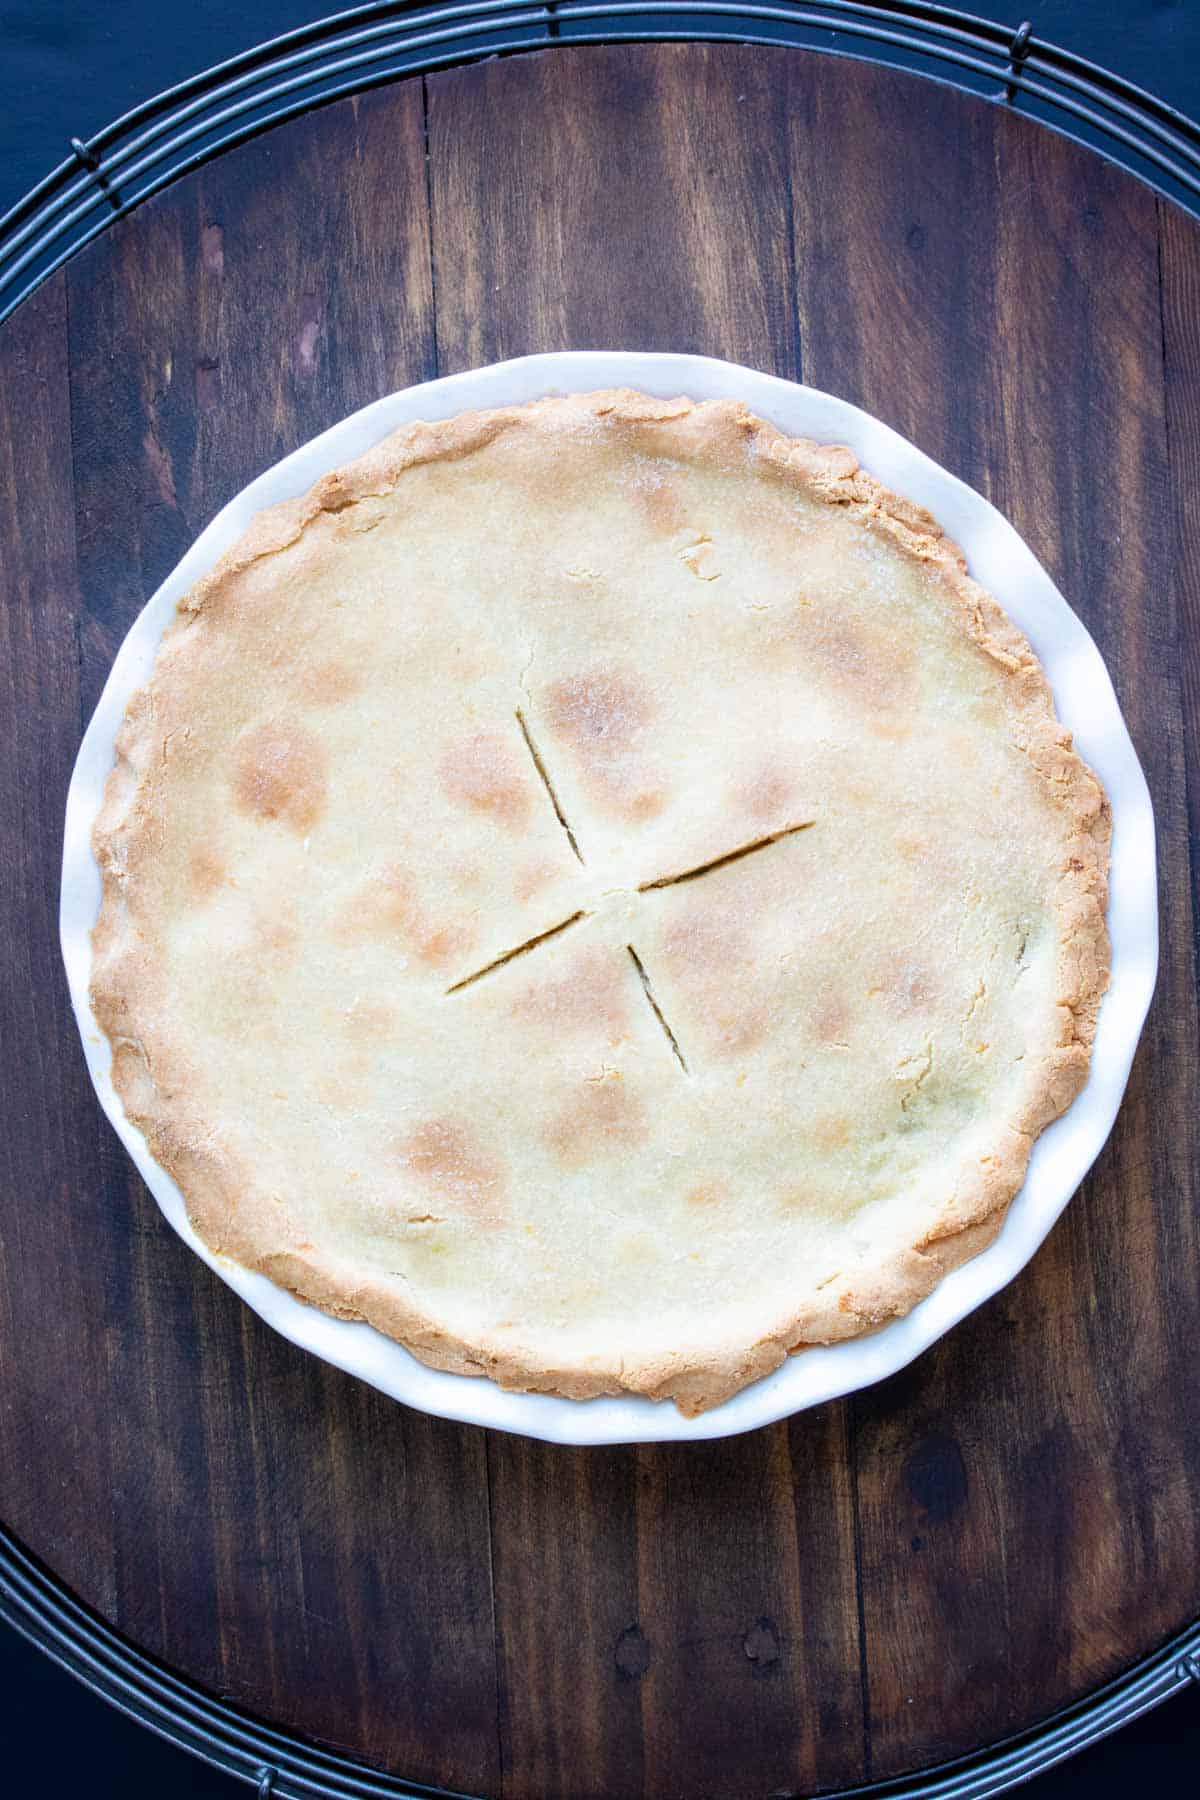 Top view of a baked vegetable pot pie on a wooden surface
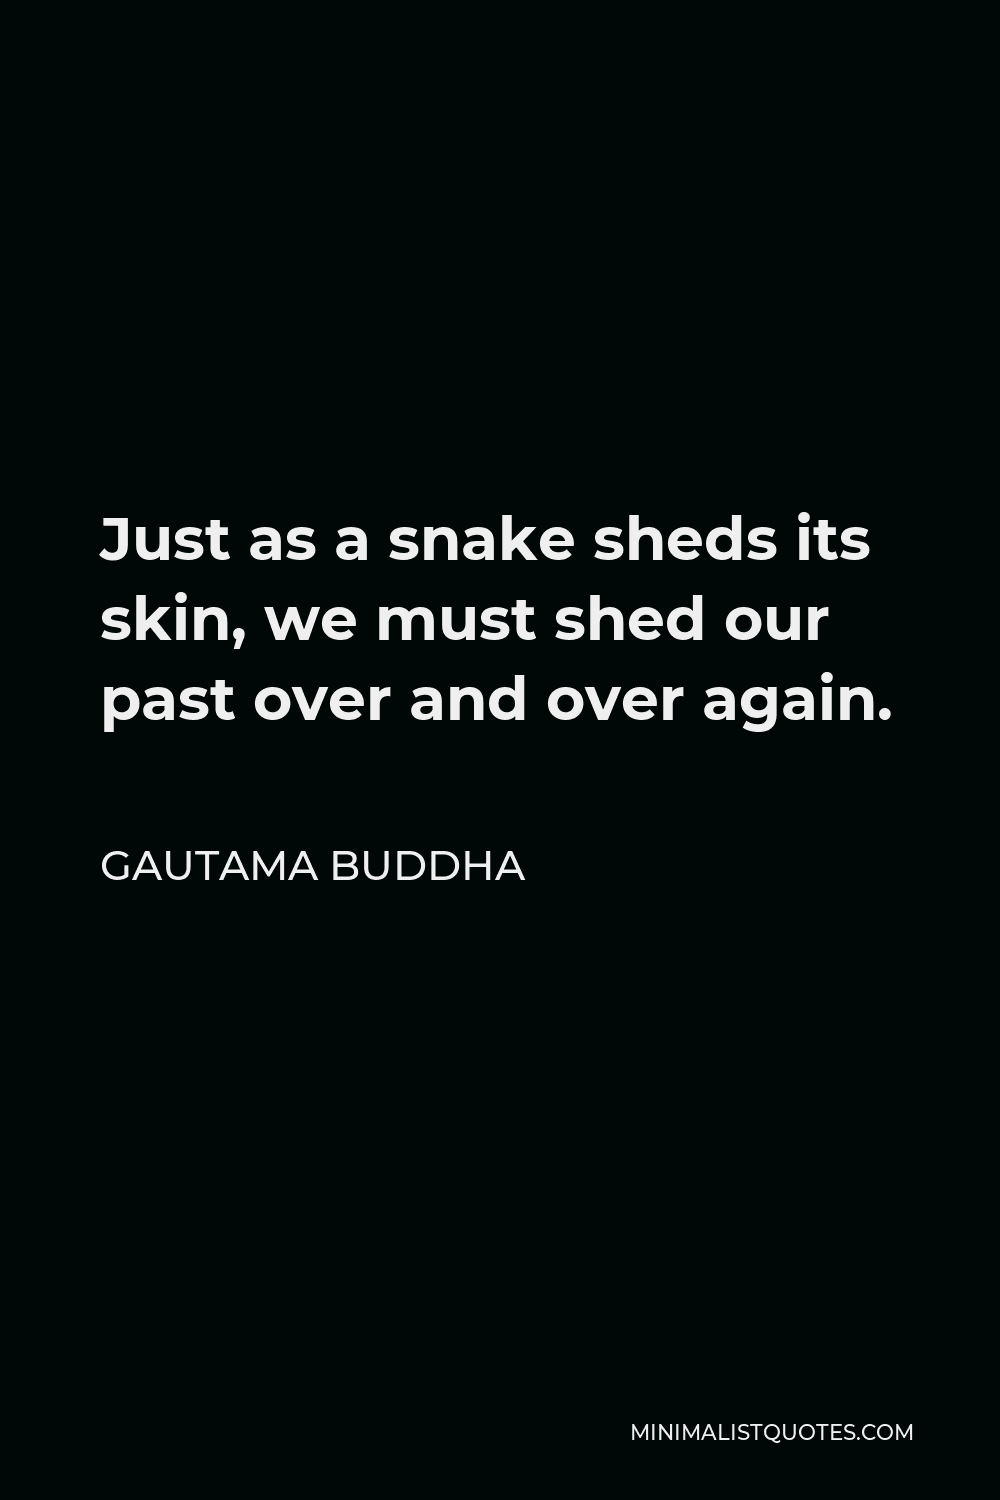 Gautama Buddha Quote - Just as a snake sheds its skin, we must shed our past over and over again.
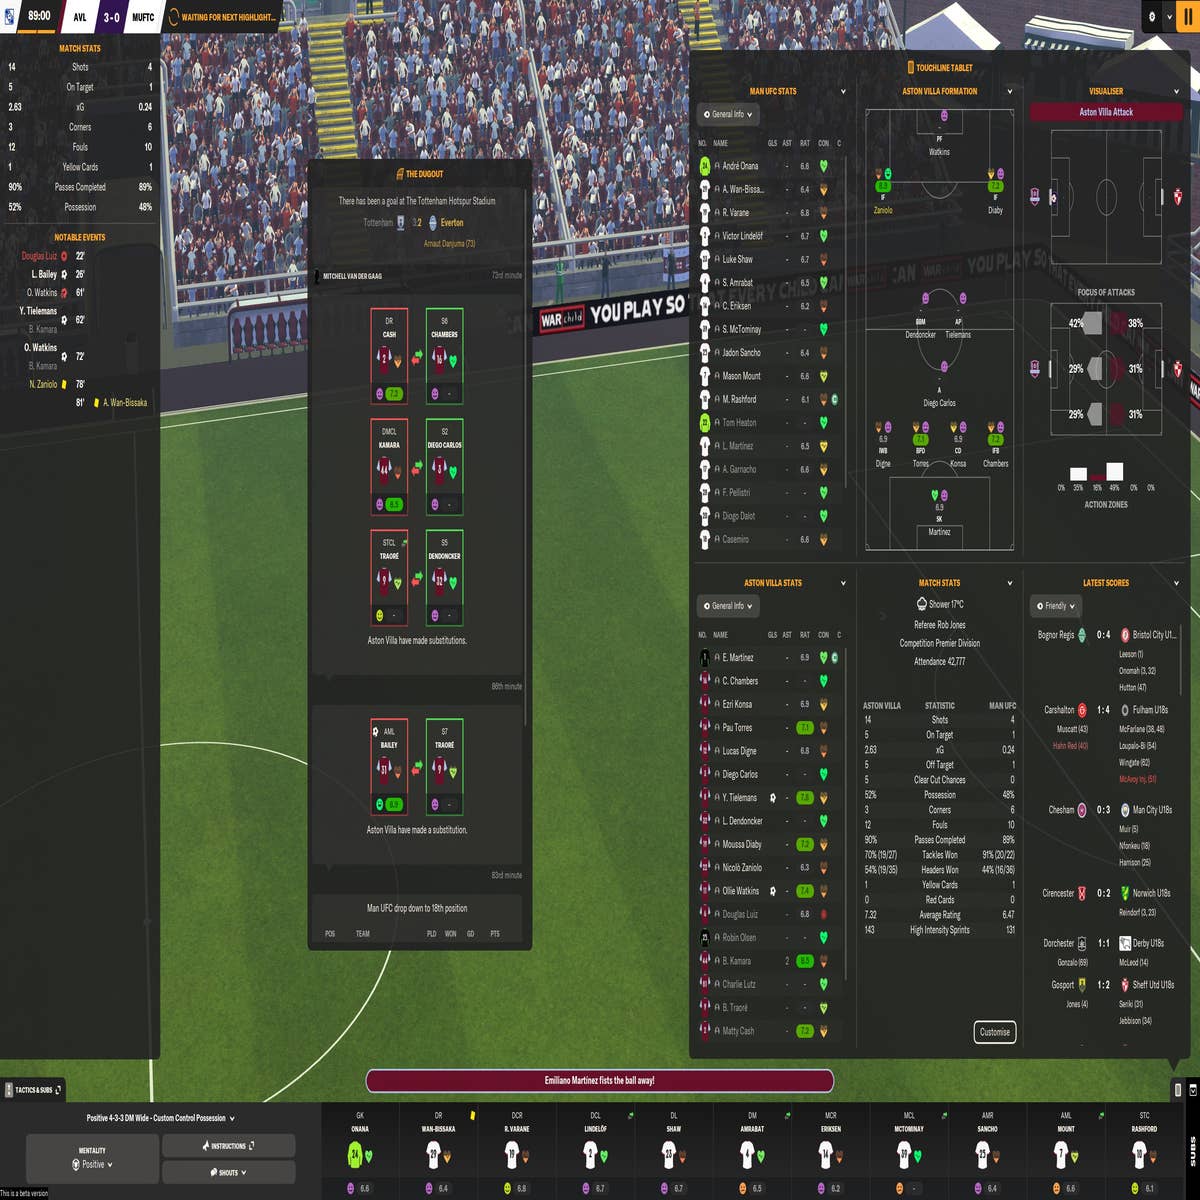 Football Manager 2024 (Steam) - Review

### [ASSIGNED TASK]
Transcribe all of the lines above exactly as given. The pictures stay out.

### [TASK RESPONSE]
 Top view of a baked vegetable pot pie on a wooden surface
 Gautama Buddha Quote - Just as a snake sheds its skin, we must shed our past over and over again.
 Football Manager 2024 (Steam) - Review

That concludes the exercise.